Personal information
- Full name: Mark Thomas Campbell
- Date of birth: 4 February 1978 (age 47)
- Place of birth: Irvine, Scotland
- Position: Defender

Youth career
- 1989–1994: Valspar Boys Club
- 1994–1996: Greenock Morton

Senior career*
- Years: Team / Apps / (Gls)
- 1996–1999: Stranraer / 63 / (11)
- 1997: → Maybole (loan)
- 1999–2004: Ayr United / 98 / (7)
- 2004–2005: Falkirk / 26 / (1)
- 2005–2006: St Johnstone / 3 / (1)
- 2006–2011: Raith Rovers / 138 / (18)
- 2011–2012: Queen of the South / 15 / (1)
- 2012–2014: Irvine Meadow
- 2014–2016: Auchinleck Talbot
- 2016–2017: Troon
- 2017–2018: Kilwinning Rangers

= Mark Campbell (footballer) =

Scottish footballer (born 1978)

Mark Campbell (born 4 February 1978) is a Scottish former footballer who last played with Kilwinning Rangers.

==Playing career==
Mark grew up in Auchinleck with younger brother Martyn and they both played for Valspar Boys Club before Mark signed for Greenock Morton as a schoolboy.

===Stranraer===
He began his professional career with Stranraer when he was signed by manager Sanny McAnespie in 1996. When Sanny was replaced not long after as manager by Campbell Money, Mark made a loan move to Junior side Maybole. After returning to Stair Park, Mark played in Stranraer's run to the 1997-98 Second Division Championship title.
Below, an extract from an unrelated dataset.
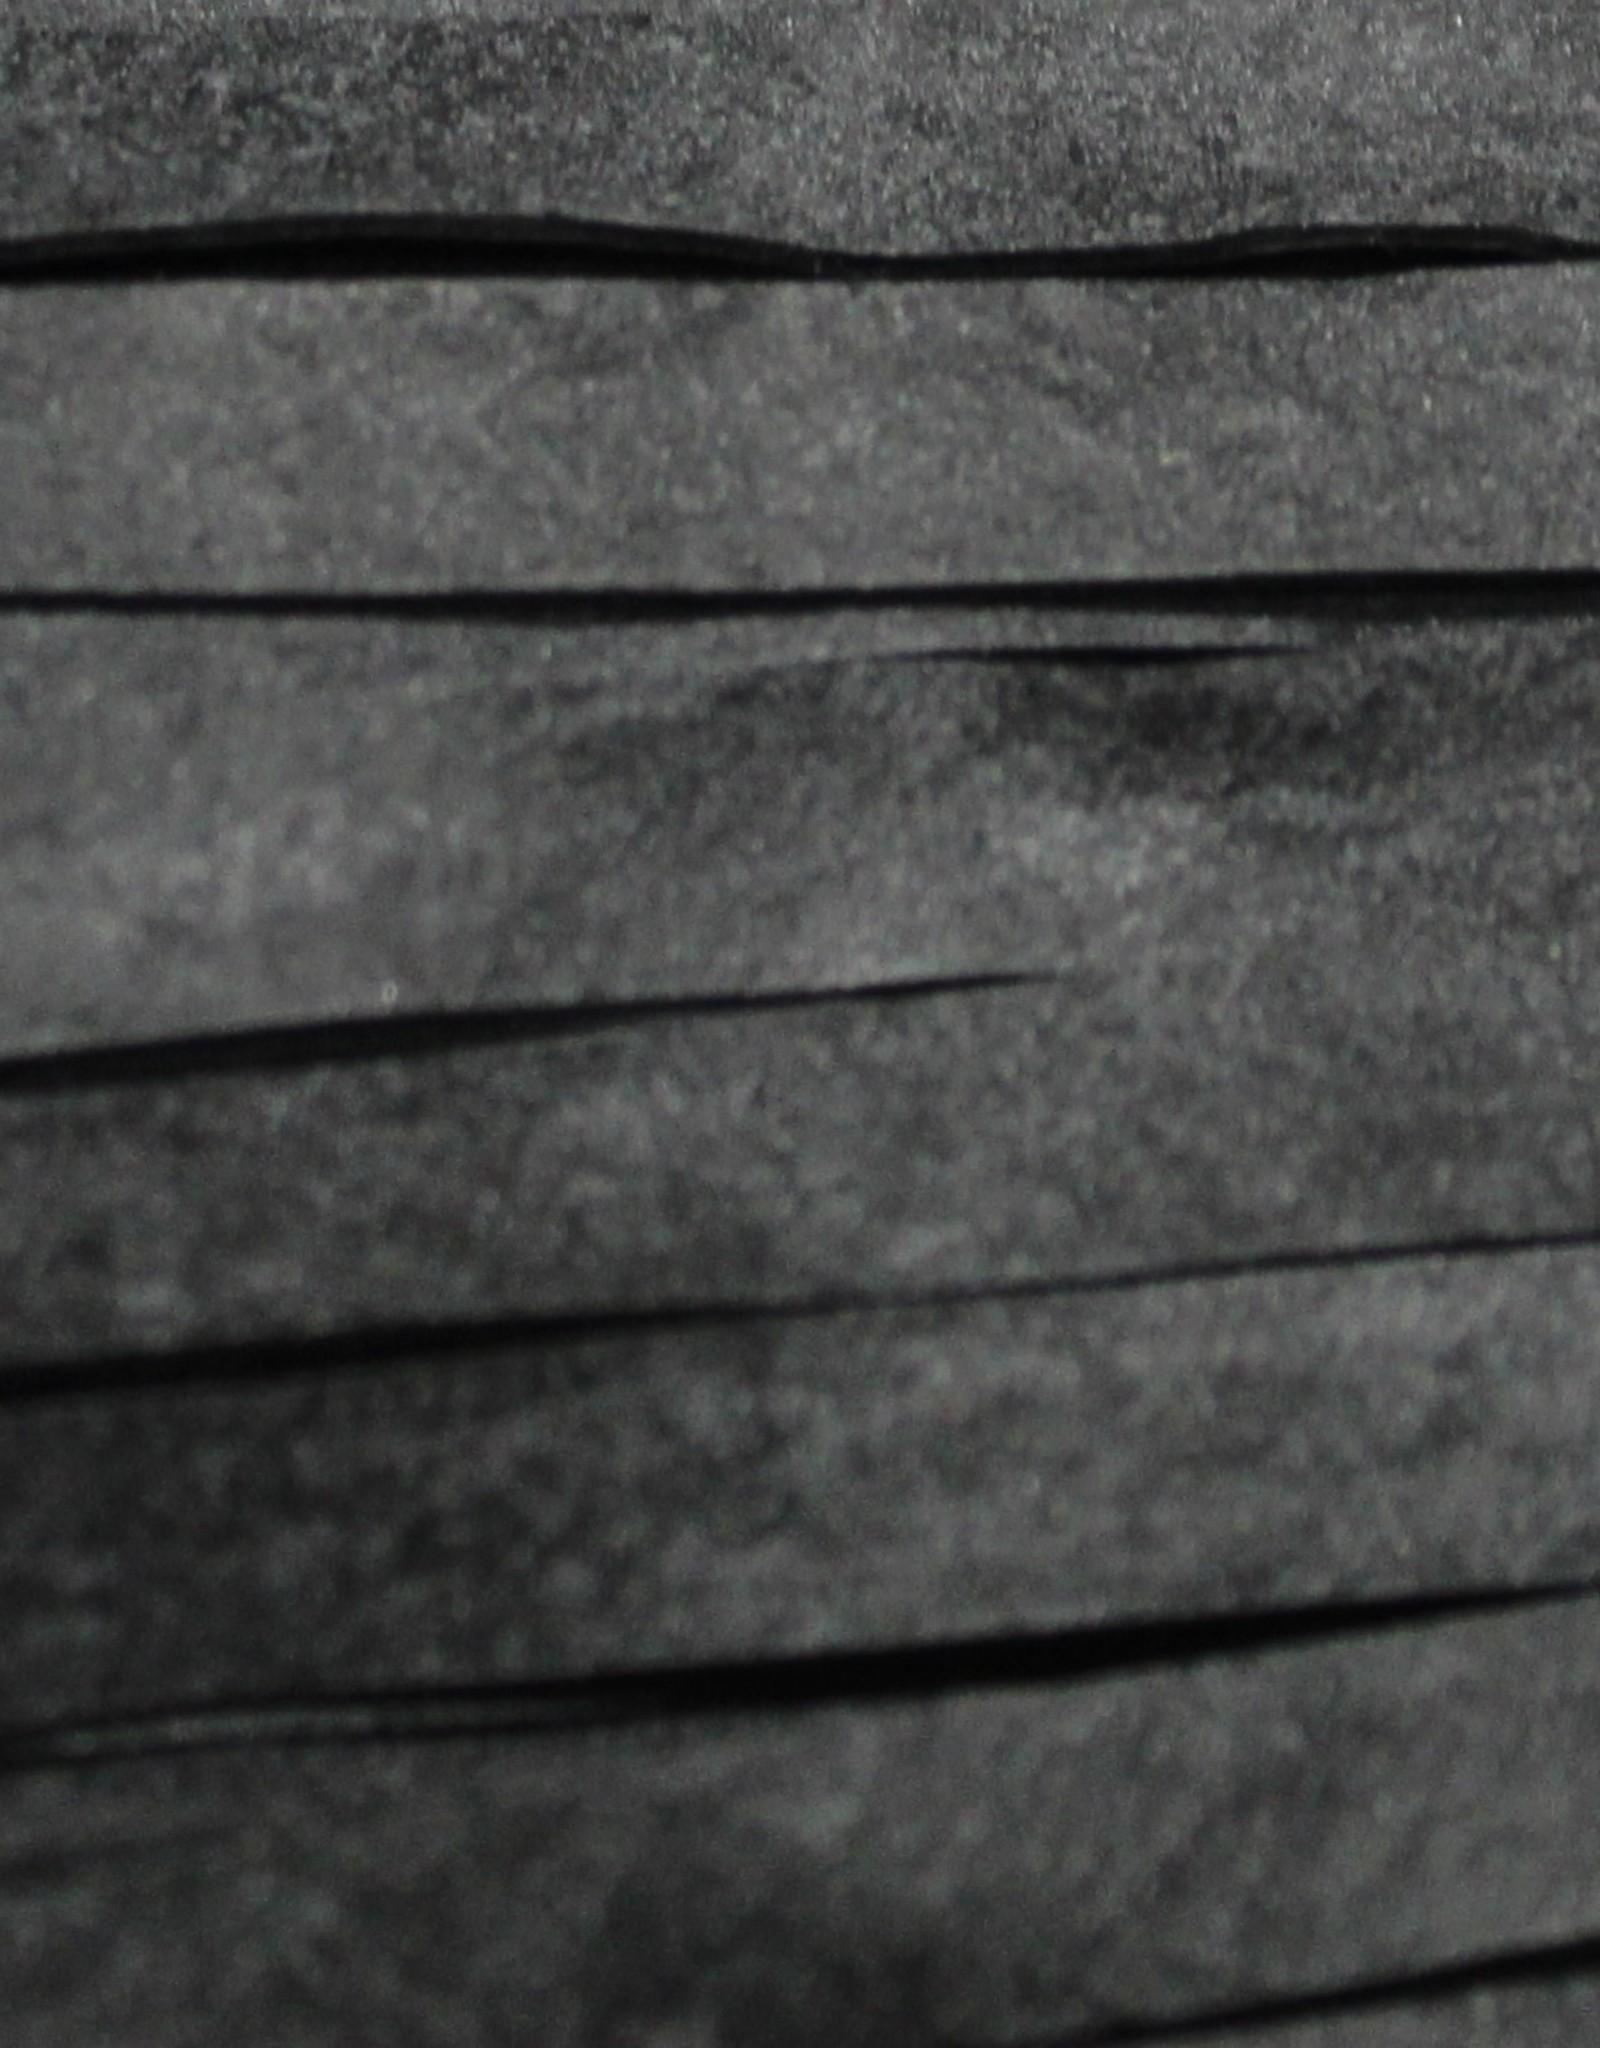 Badpak elastiek 6mm zwart

The next season the Stranraer board accepted a £90,000 bid from Ayr United.

===Ayr United===
Campbell was signed by manager Gordon Dalziel for Ayr United from Stranraer on 24 February 1999 for a fee of £90,000. Campbell suffered a cruciate ligament injury in his right knee. The injury meant he missed a large number of league games, as well as the 2002 Scottish League Cup Final against Rangers and the 2002 Scottish Cup Semi-Final against Celtic a week later, both at Hampden Park.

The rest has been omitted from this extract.